(Stored data)
----------
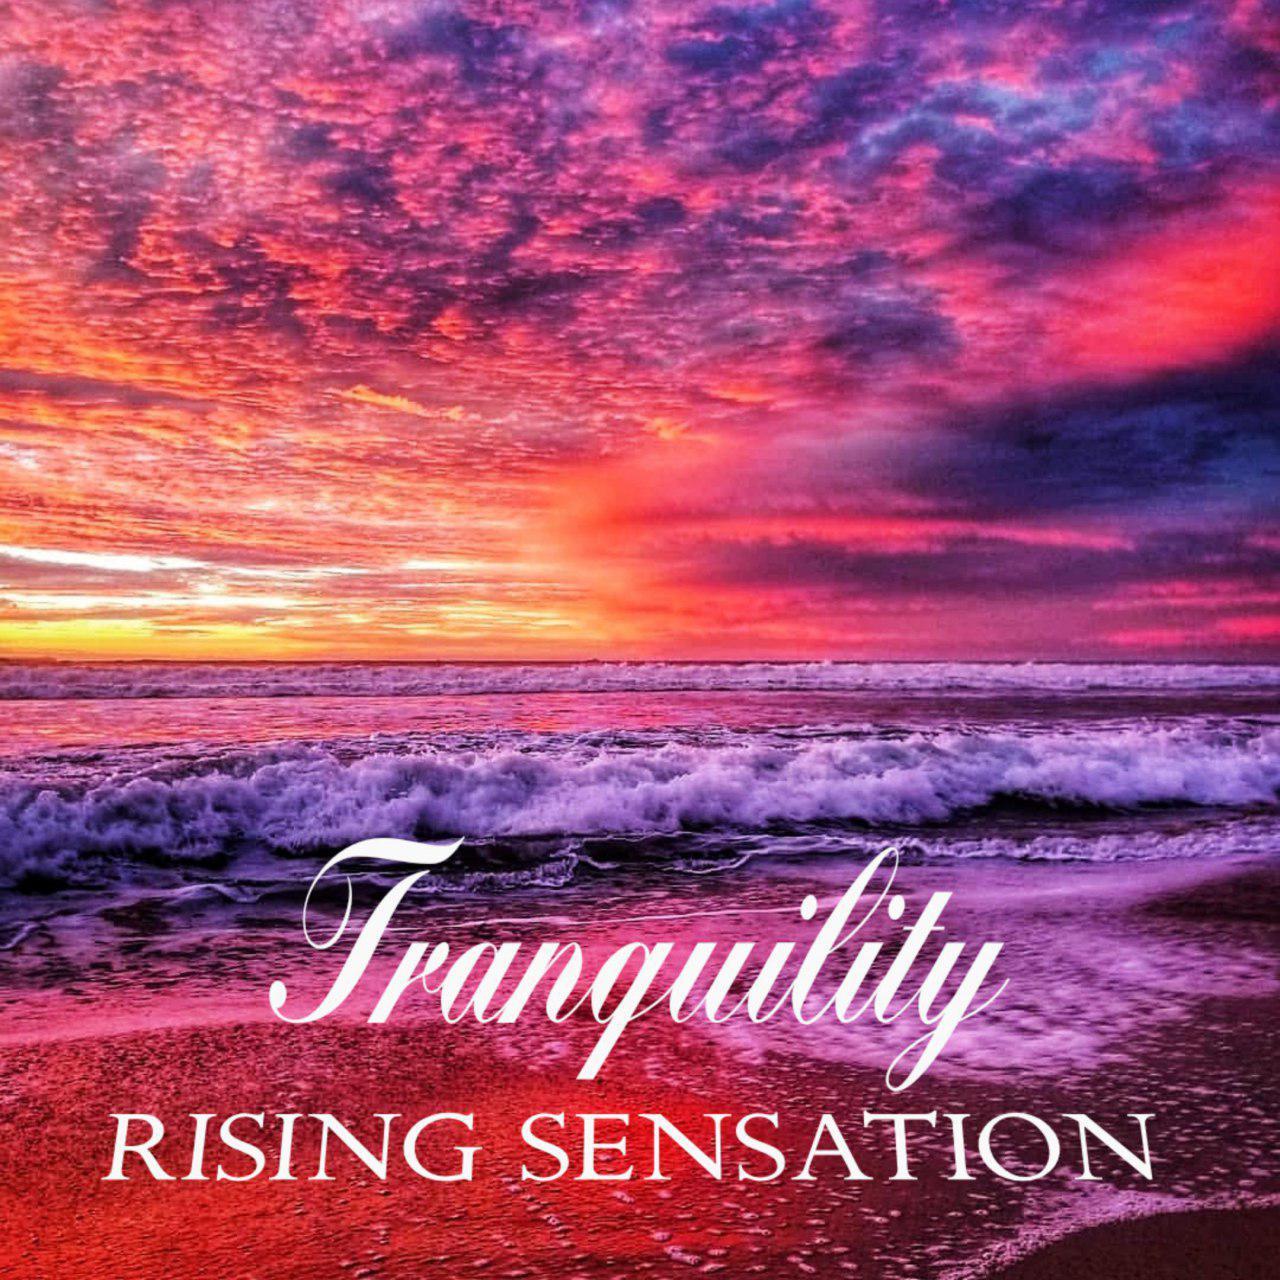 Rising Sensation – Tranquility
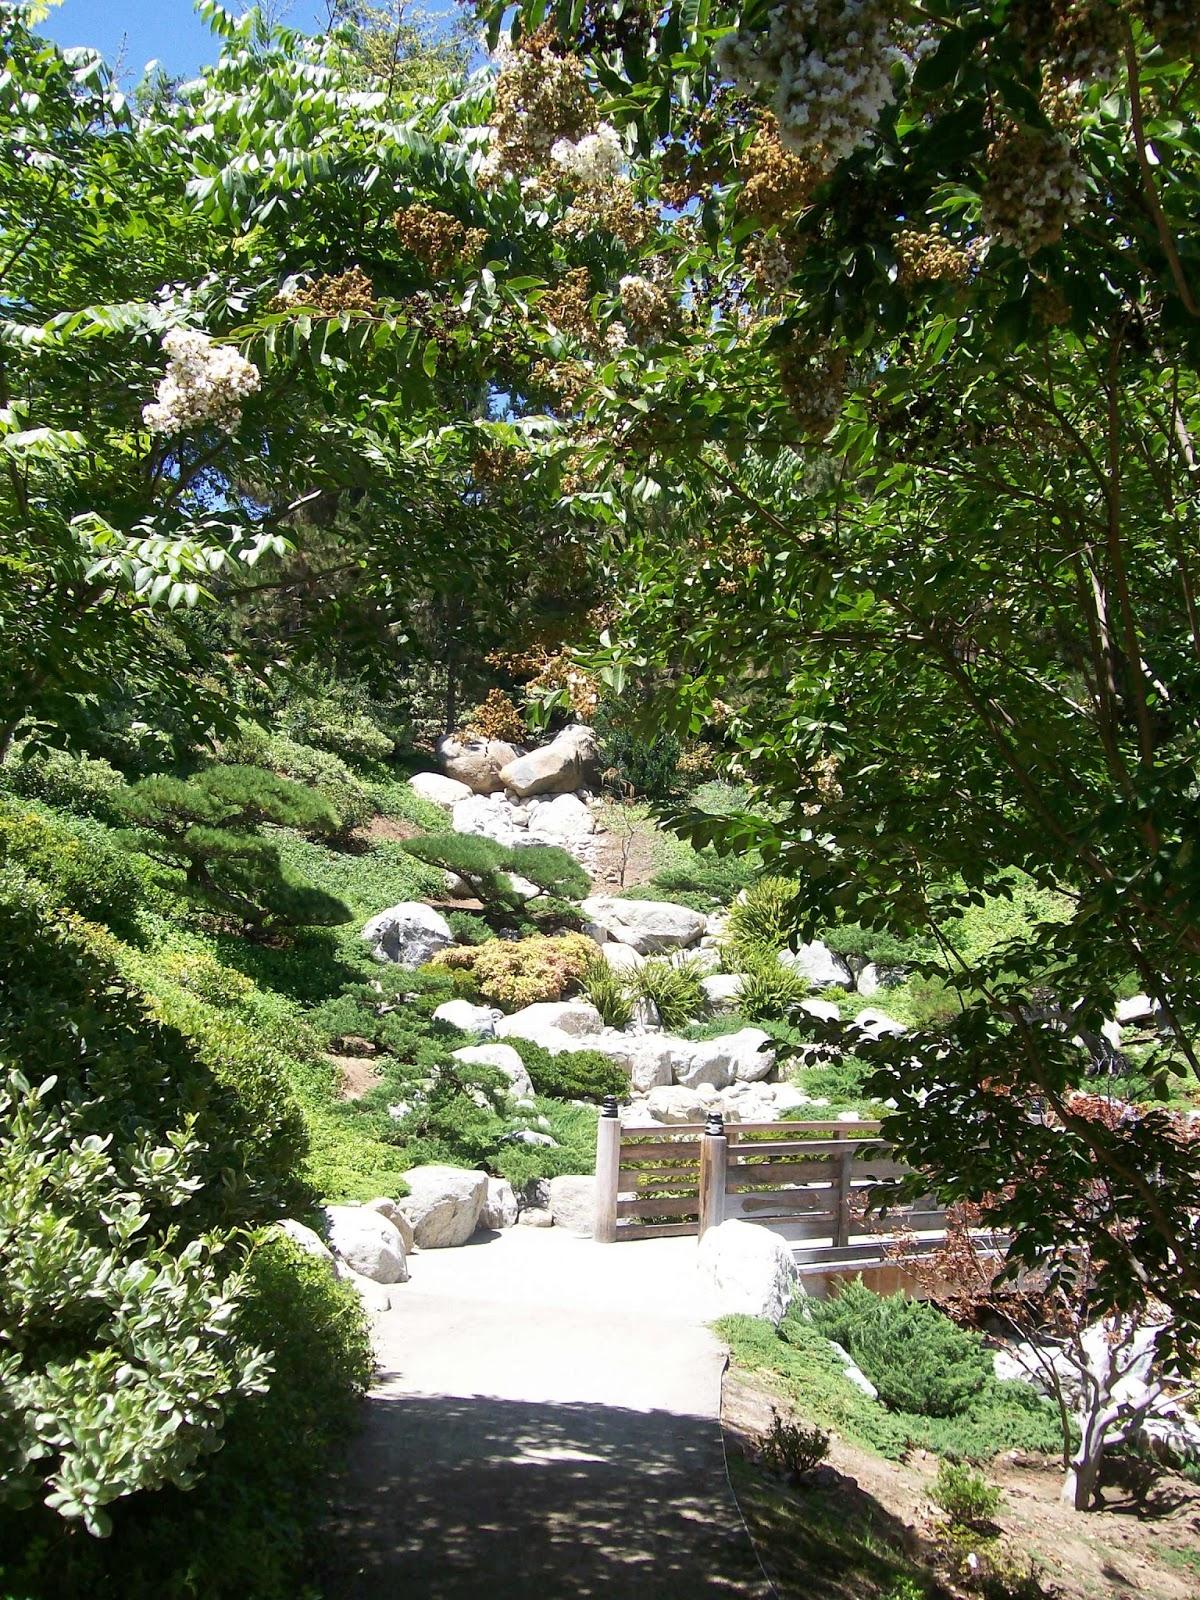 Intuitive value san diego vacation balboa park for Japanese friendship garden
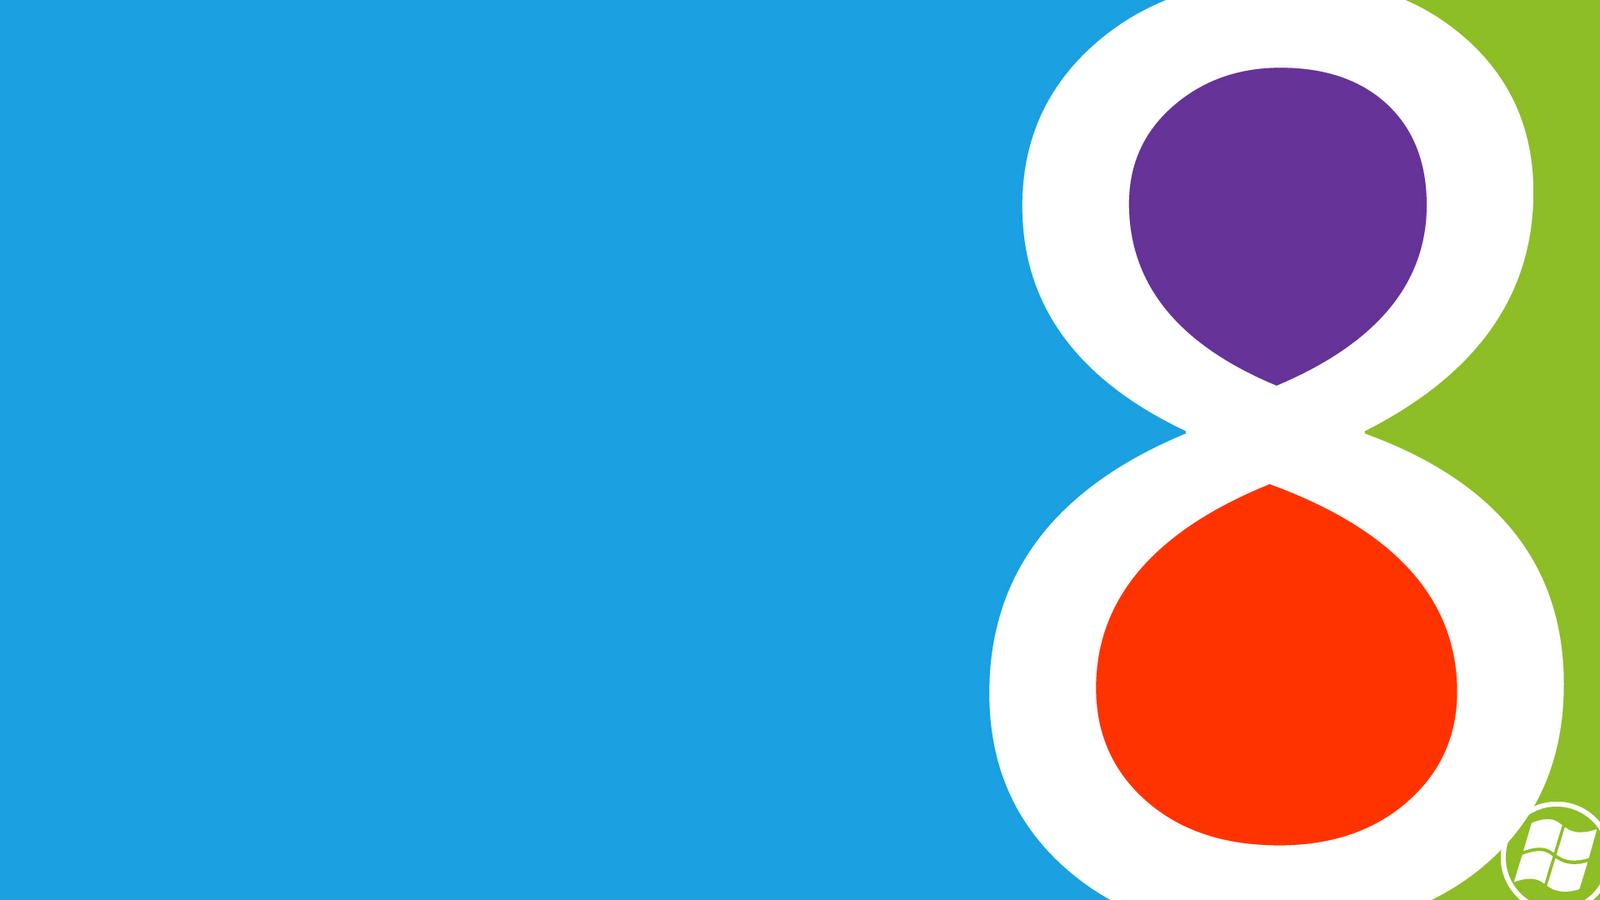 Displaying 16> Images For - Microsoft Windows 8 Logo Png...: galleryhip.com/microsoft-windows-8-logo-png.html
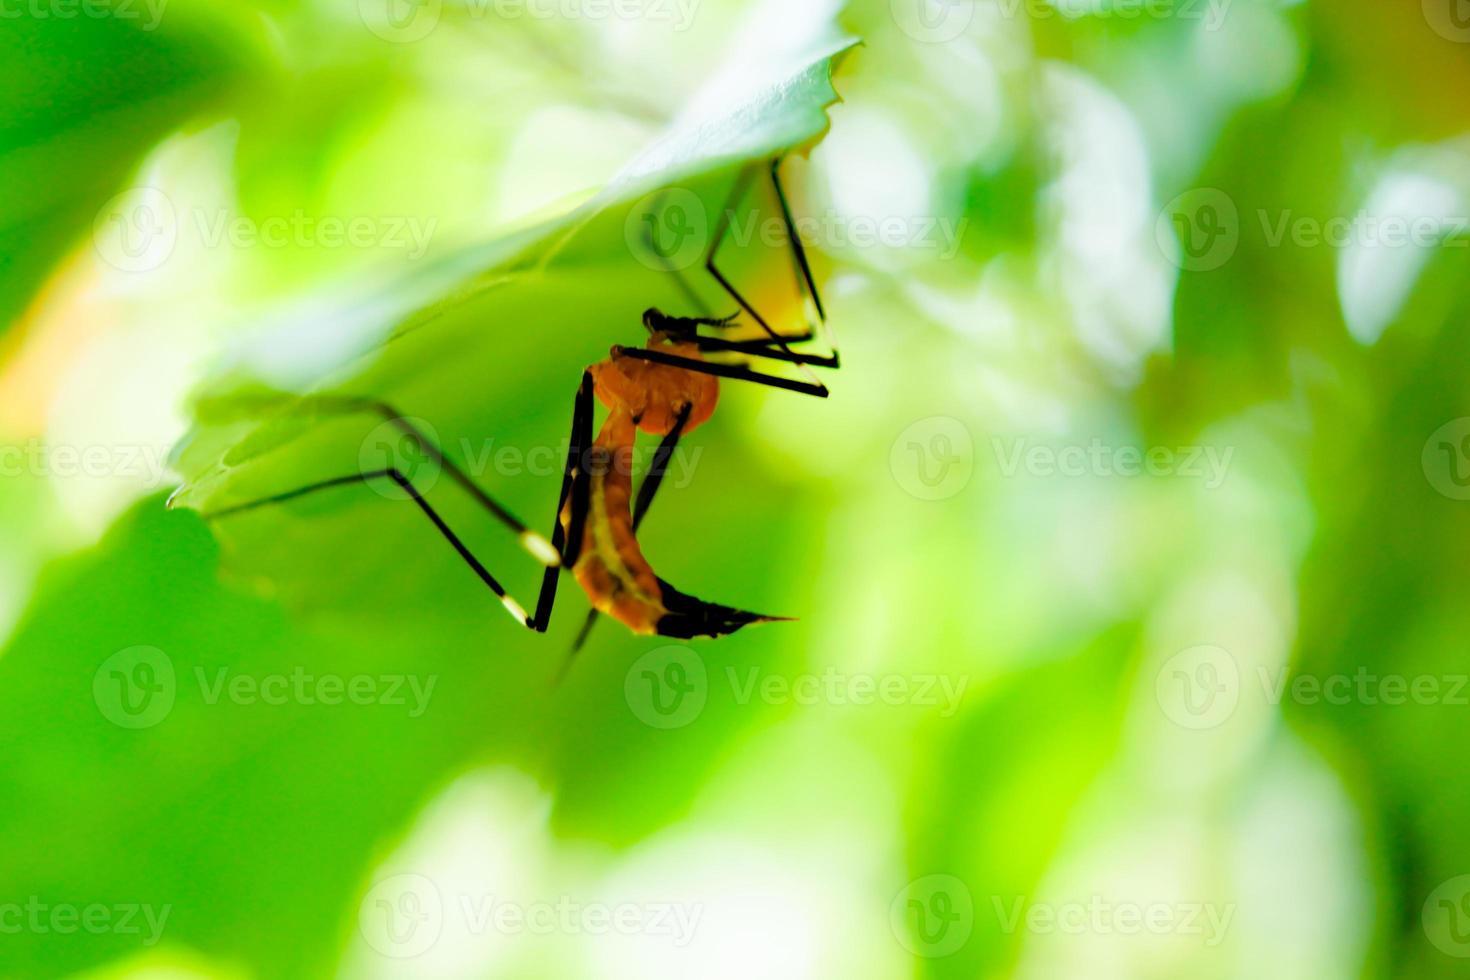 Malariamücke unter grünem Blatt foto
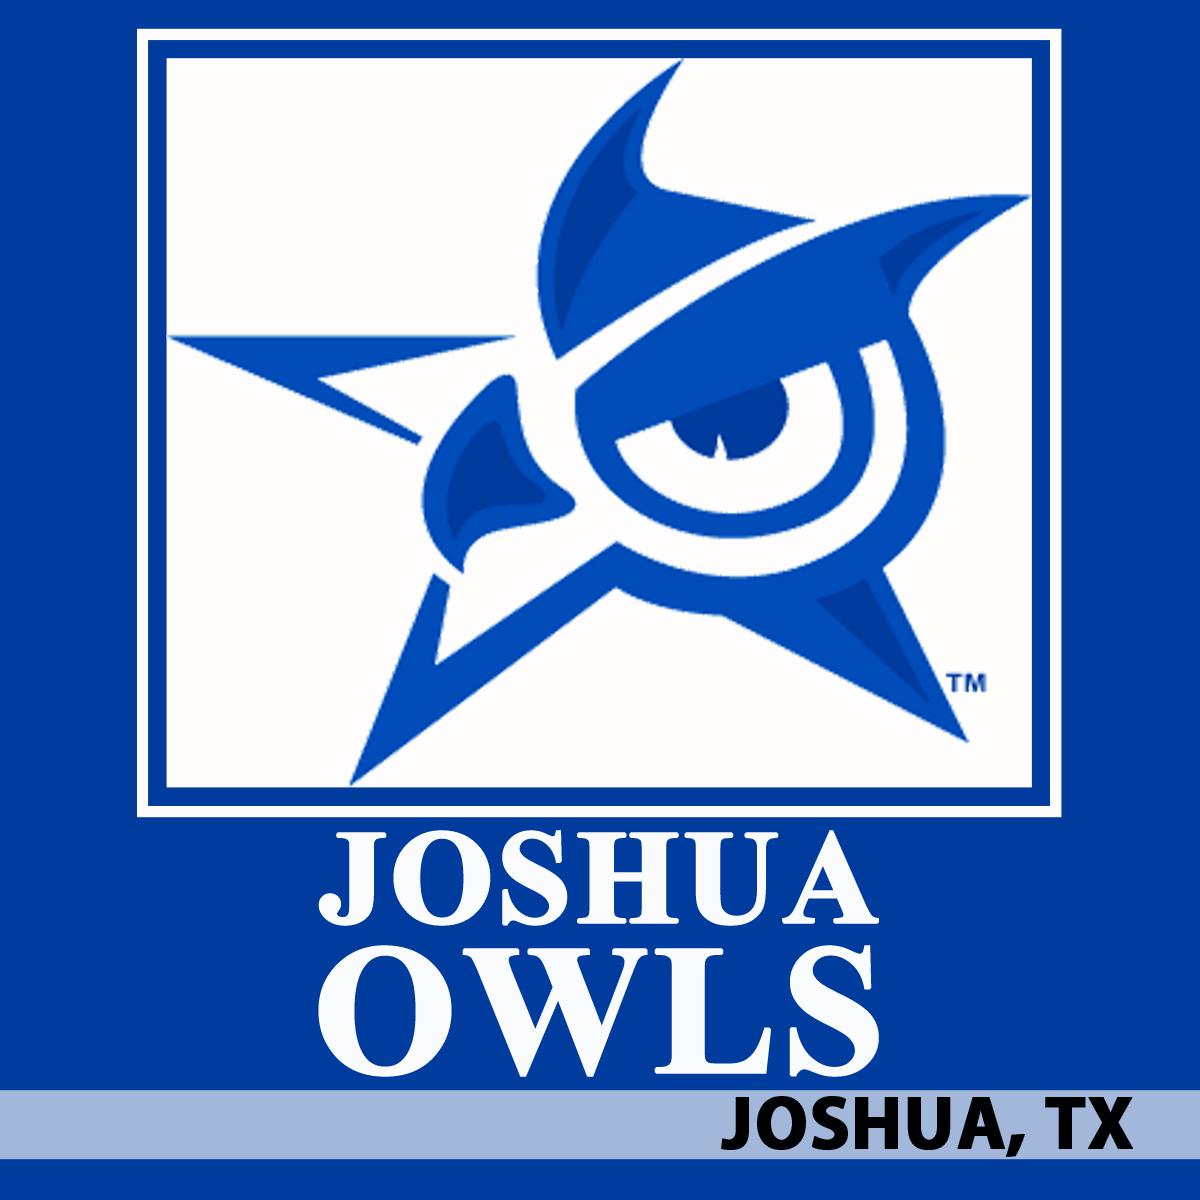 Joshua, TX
----------
## Problem requirements
Output exactly and only the lines from the line containing "Malariamücke unter grünem Blatt foto" to the end of the entries, both included, and omit every picture.

## Answer space
 Malariamücke unter grünem Blatt foto
 Joshua, TX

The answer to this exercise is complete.